Because this trip was not all about me, Lesley and Stuart also took us to the home where Jane Austen spent the last several years of her life.  The gardens around her home were so vibrant and it was nice to see how well everything had been preserved.  We then spent some time in Winchester, which is where Jane Austen died and is buried.  Her final resting place is inside Winchester Cathedral, one of the largest cathedrals in Europe. 

The flowers in the gardens around Jane Austen’s home were beautiful.
Jane Austen’s writing table.
Jane’s Austen final resting place inside Winchester Cathedral.
One of the many ornate ceilings inside Winchester Cathedral. I could have spent hours in all of the cathedrals we visited just staring at the intricacies in the architecture.

After being welcomed with open arms it was difficult to leave Southampton, but all good things must come to an end.  So, we hopped a train back to London where we spent one more day and night before flying back home. 

Oh, and that wheelchair, well we were supposed to leave it at the hotel we stayed at our last night in London. The service from which we had rented it instructed us to leave it with the front desk staff of the hotel where’d we be staying our last night in London, so that they could retrieve it the morning of our departure.

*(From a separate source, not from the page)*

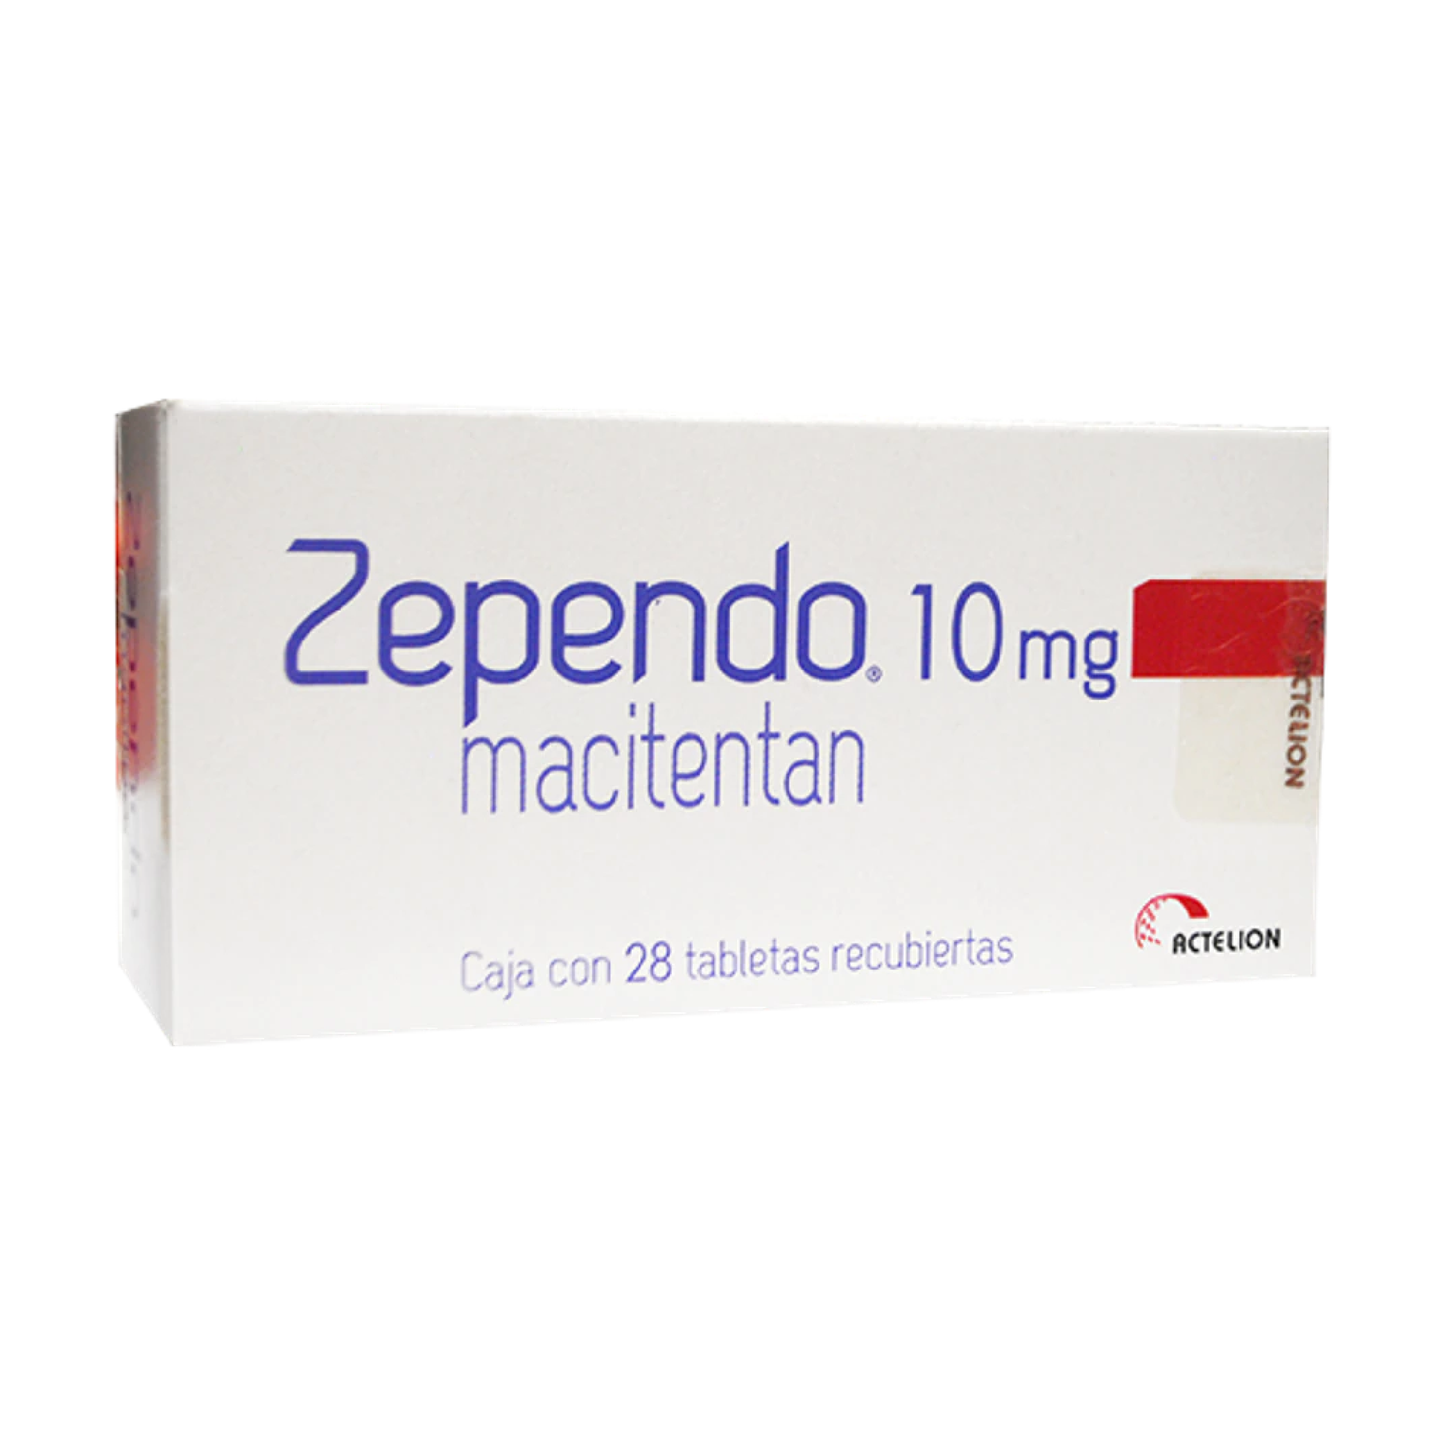 ZEPENDO 10 mg

However, when we explained these arrangements to the front desk clerk upon check in he told us that the hotel would not be held responsible for it.  So, I called the company and let them know this, but I never heard back from them.  We even called them twice the morning of our departure, and we still heard nothing.  So, we asked the ticket agent at the American Airlines check in desk if we could leave it with them.  Once again we were told they would not be held responsible for it.  So, we parked that chair outside security and made our way to our flight. 

A few days after we arrived home the wheelchair service called us and asked us about the chair.  I explained to them where we had left it and explained how we had attempted to contact them about it before we left.  They were never able to locate it, and to this day it remains a mystery as to where it is.  When I think about where it might have ended up, my mind instantly goes to the final scene of the movie Raiders of the Lost Ark.  Maybe, it was packed away in a crate in much the same way the Ark of the Covenant is at the end of this film and was wheeled into a storage room somewhere deep in the bowels of London’s Heathrow Airport.